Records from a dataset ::
━━━━━━━━━━━━━━━━━━━━━━━━━━━━━━
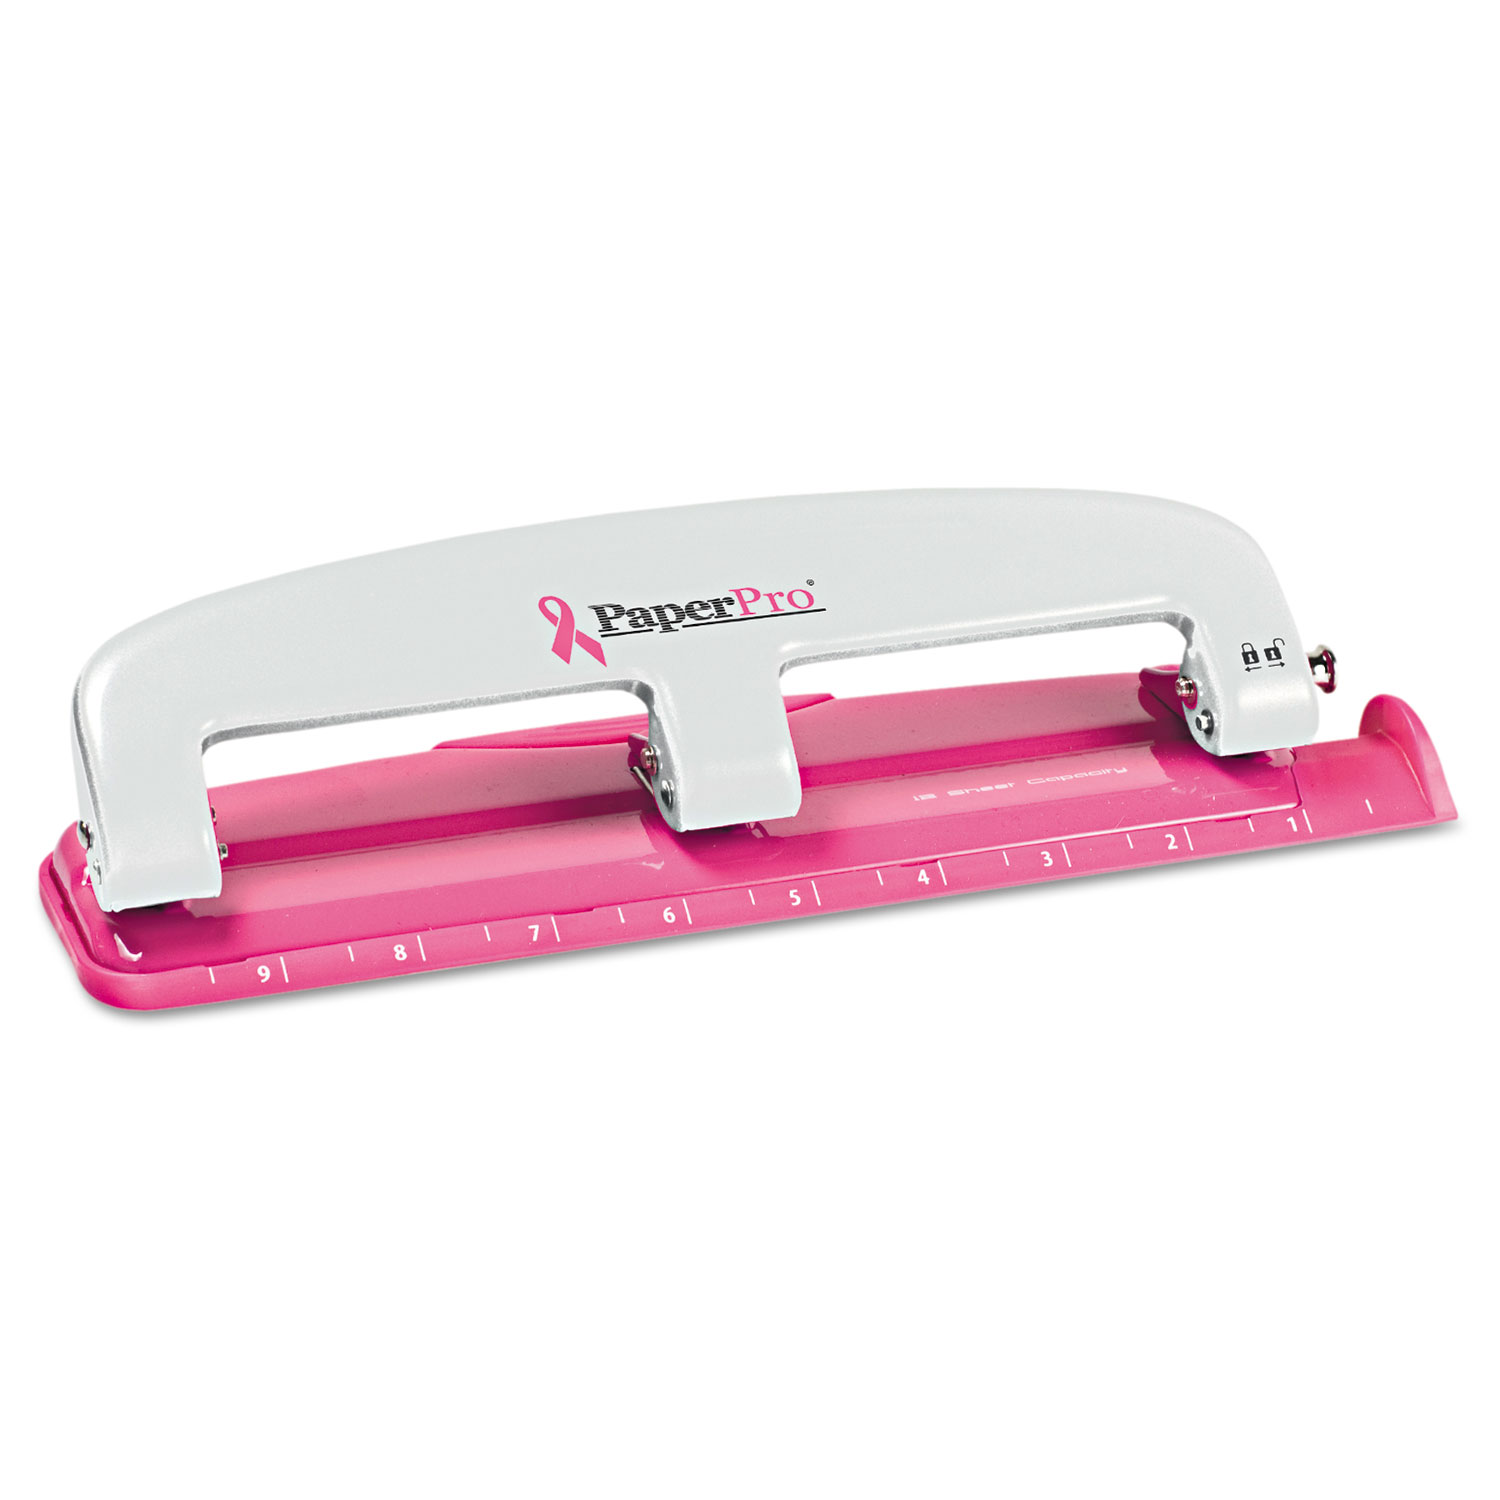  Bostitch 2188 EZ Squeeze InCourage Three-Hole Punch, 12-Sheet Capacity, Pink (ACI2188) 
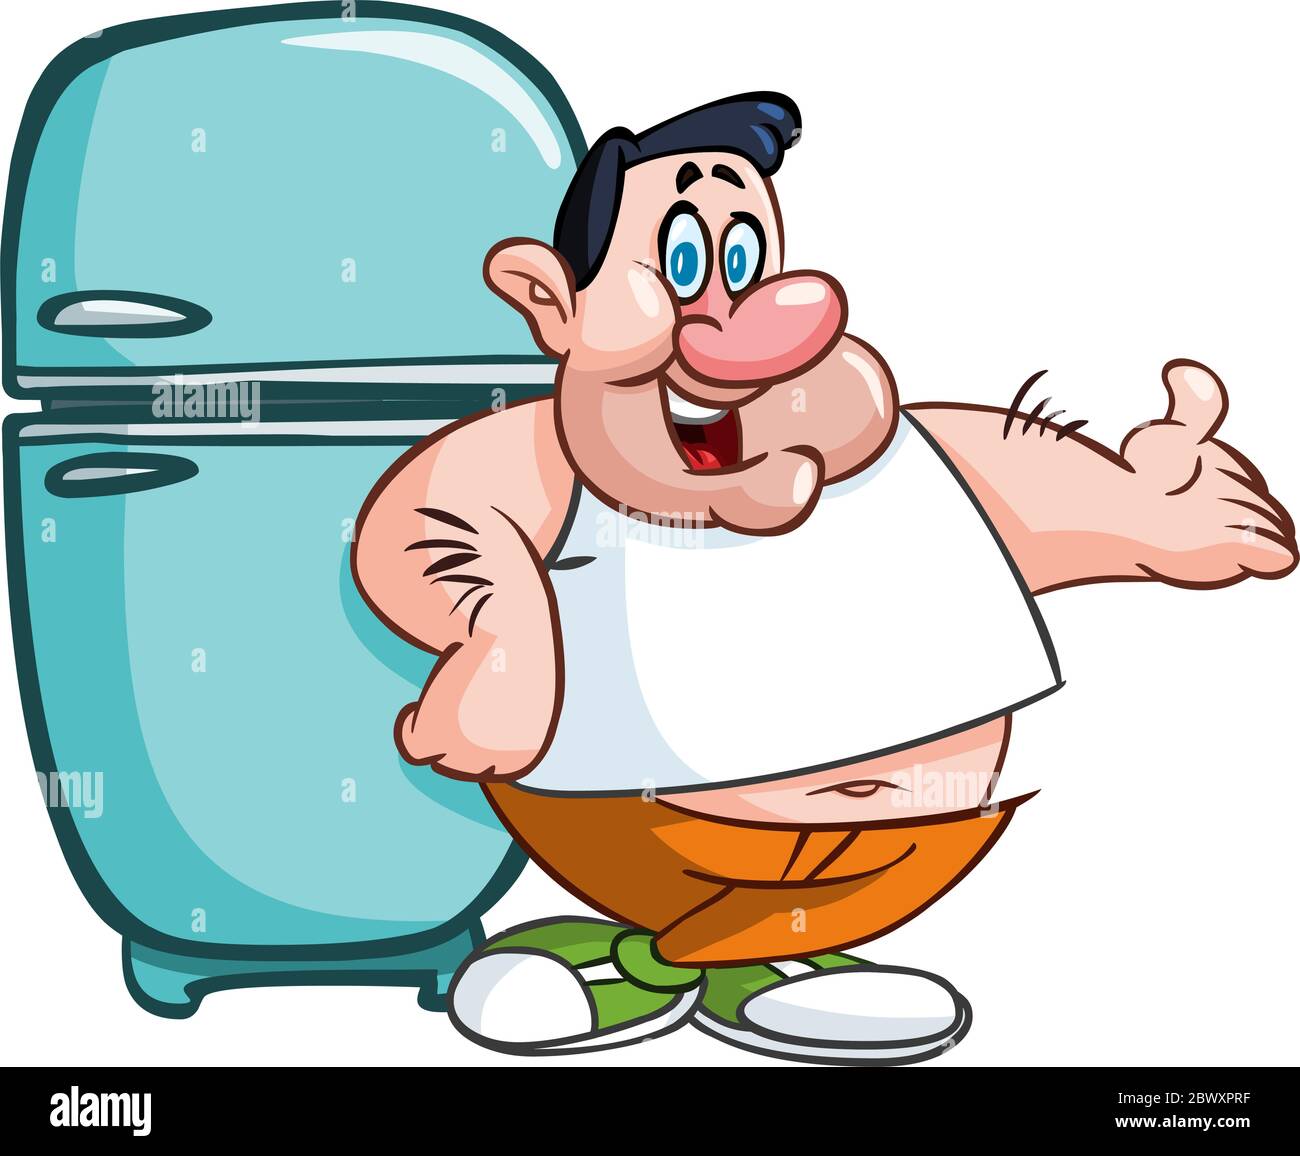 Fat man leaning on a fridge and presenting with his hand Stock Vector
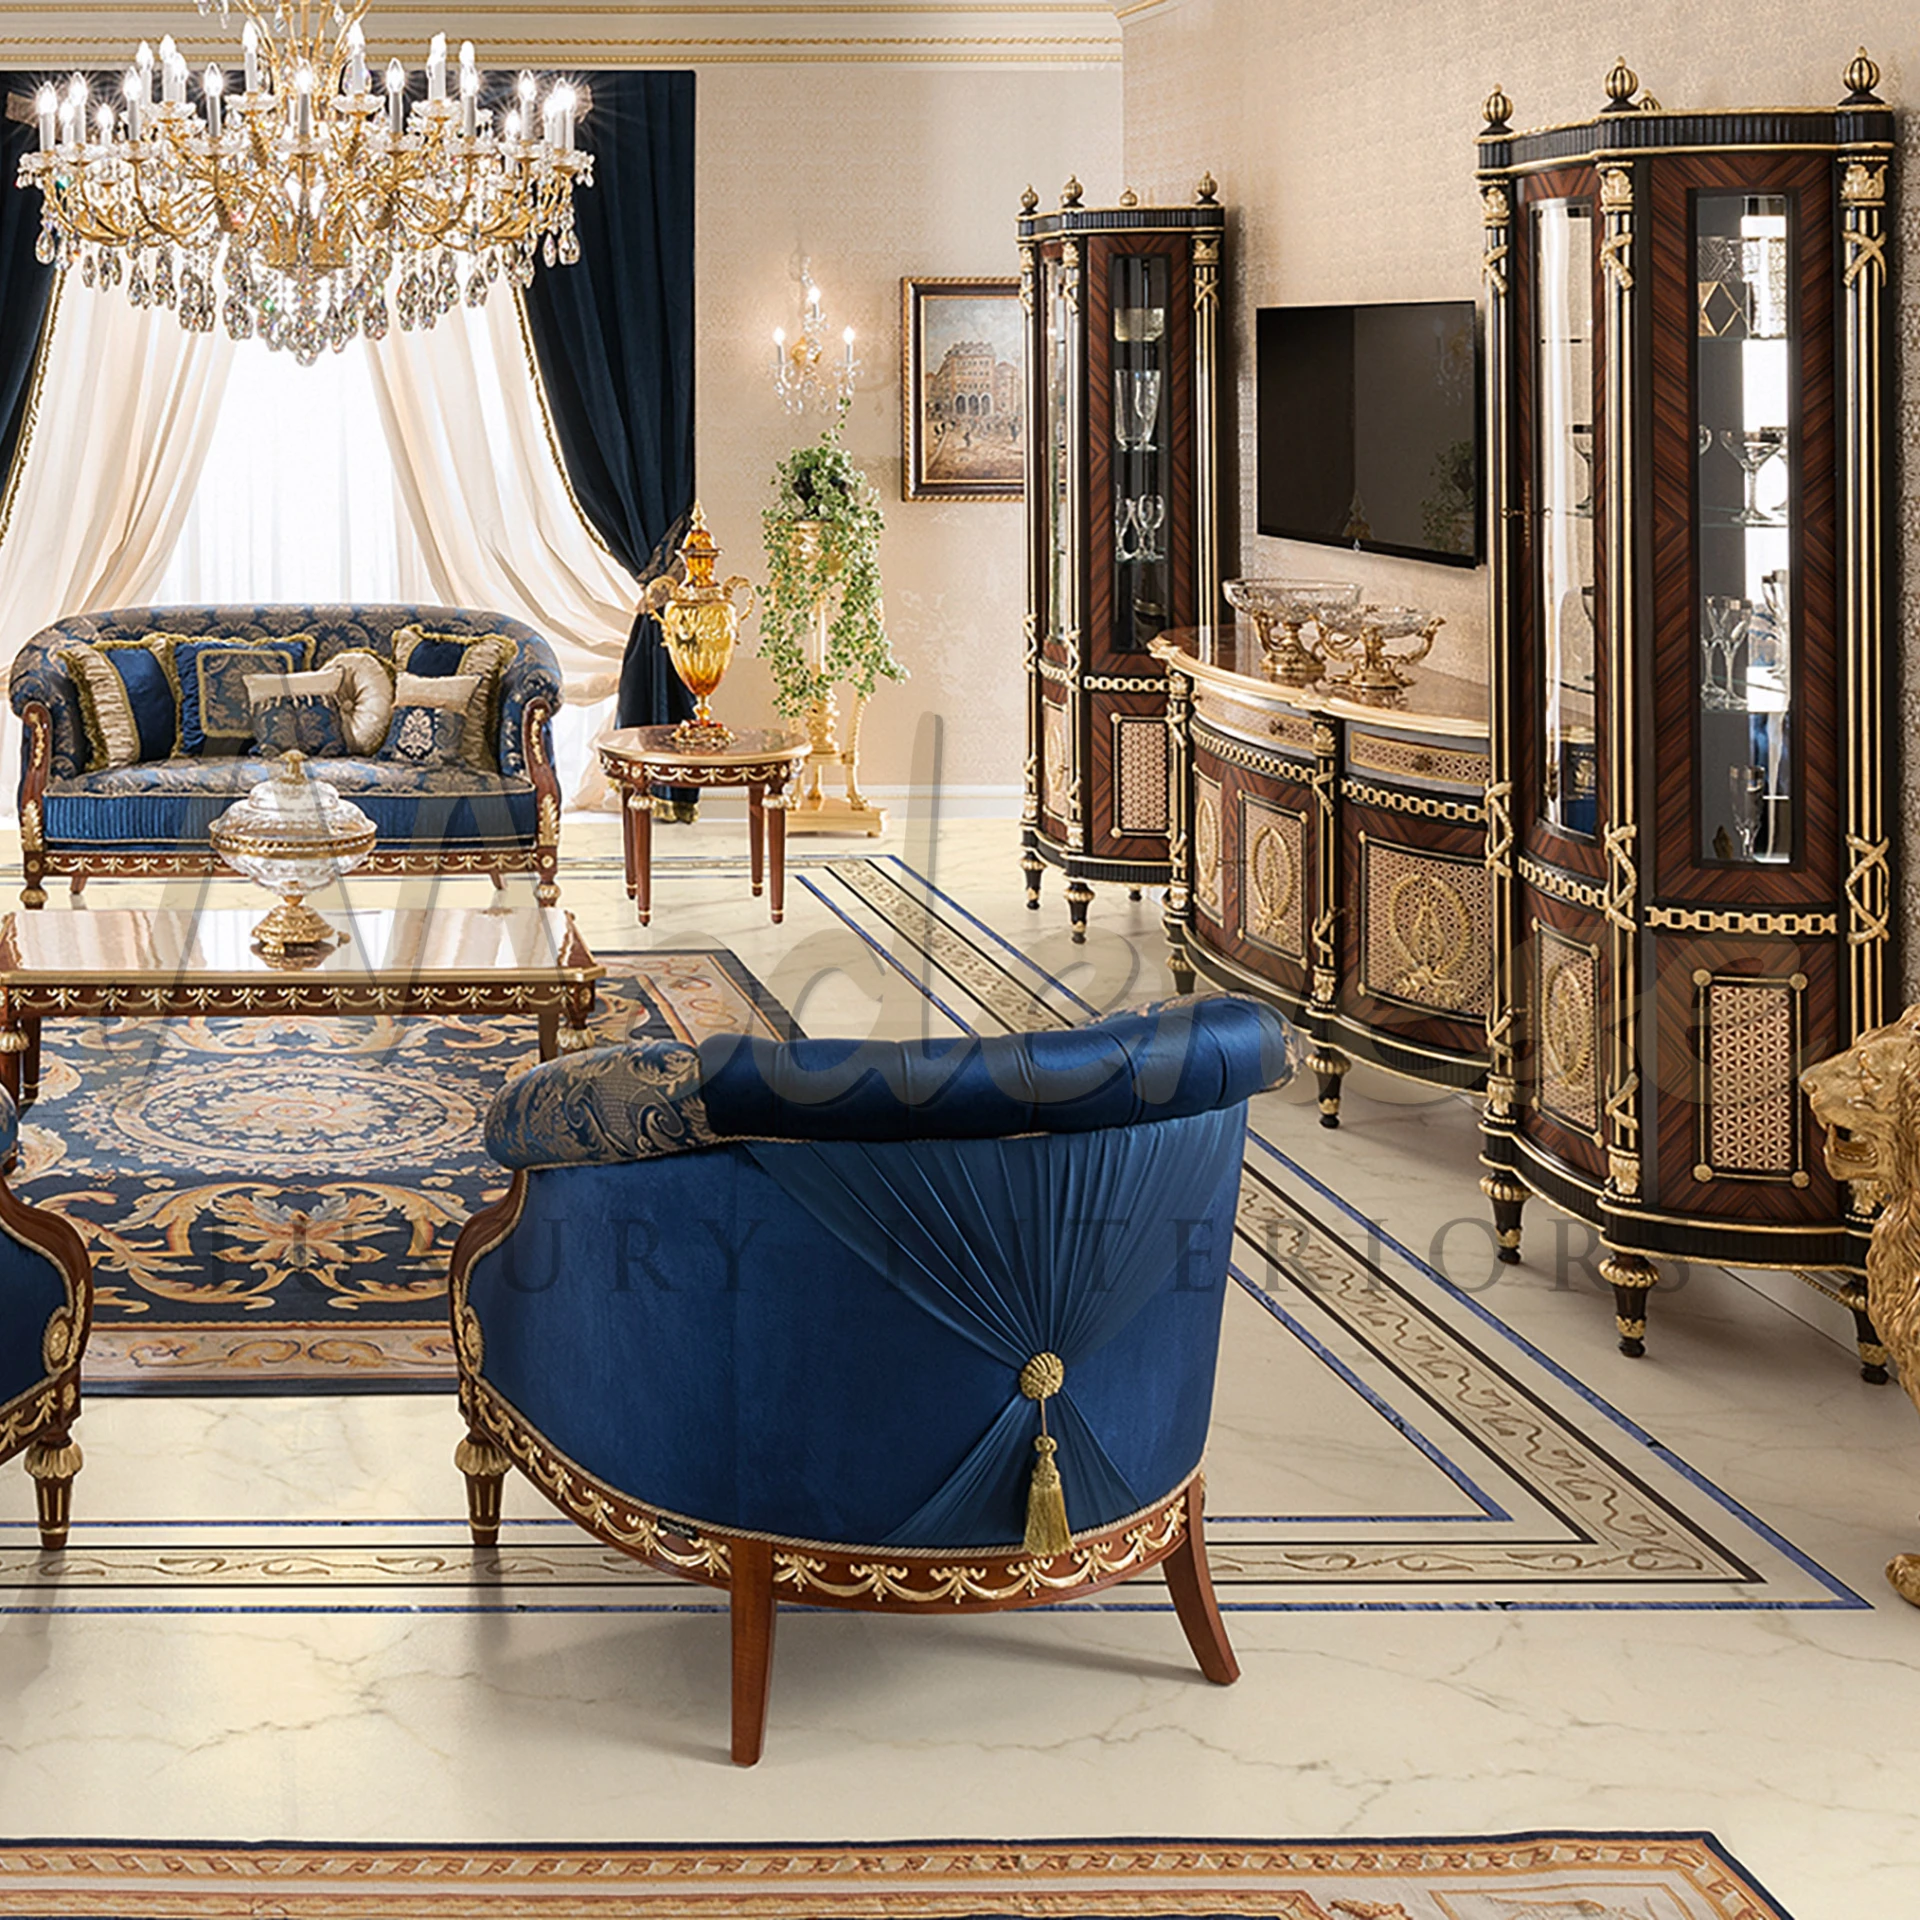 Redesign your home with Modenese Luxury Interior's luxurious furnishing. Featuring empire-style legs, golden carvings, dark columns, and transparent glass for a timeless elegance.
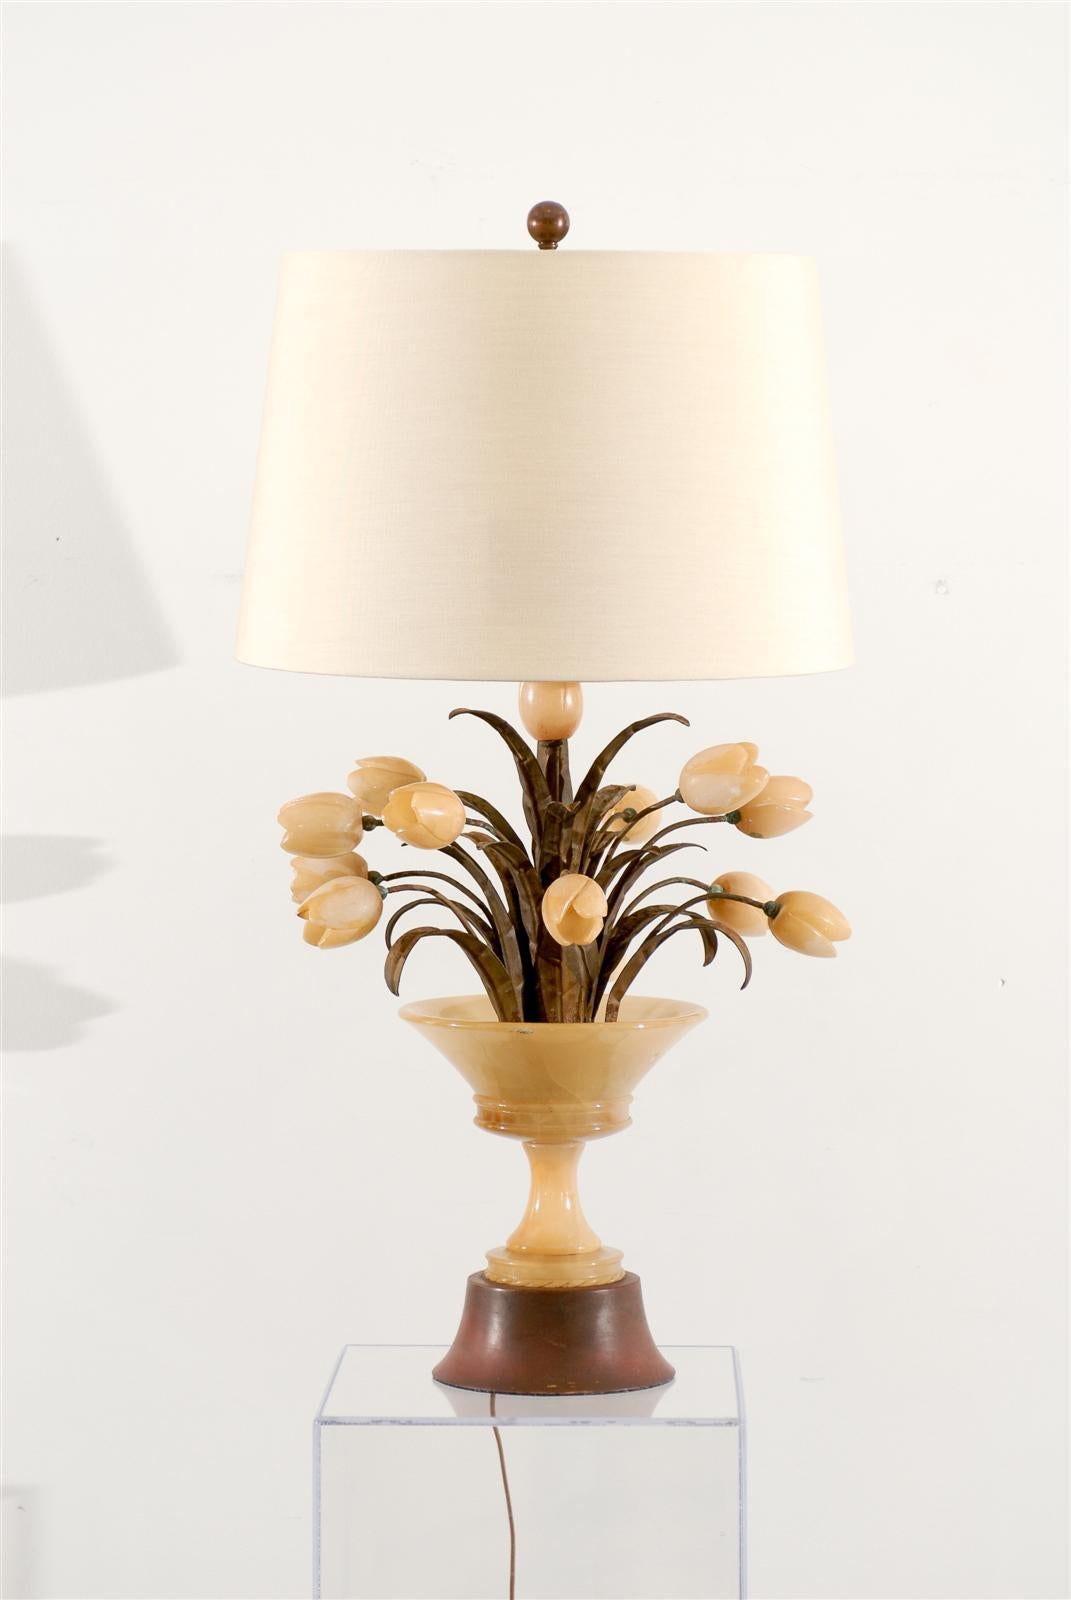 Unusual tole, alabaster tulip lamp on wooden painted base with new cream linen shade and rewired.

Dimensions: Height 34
━━━━━━━━━━━━━━━━━━━━━━━━━━━━━━
PROBLEM DESCRIPTION :: Above are the records. Copy exactly, and only, the lines from the line containing "Redesign your home" through the last one, omitting any pictures.

TASK RESPONSE ::
 Redesign your home with Modenese Luxury Interior's luxurious furnishing. Featuring empire-style legs, golden carvings, dark columns, and transparent glass for a timeless elegance.
 Unusual tole, alabaster tulip lamp on wooden painted base with new cream linen shade and rewired.

Dimensions: Height 34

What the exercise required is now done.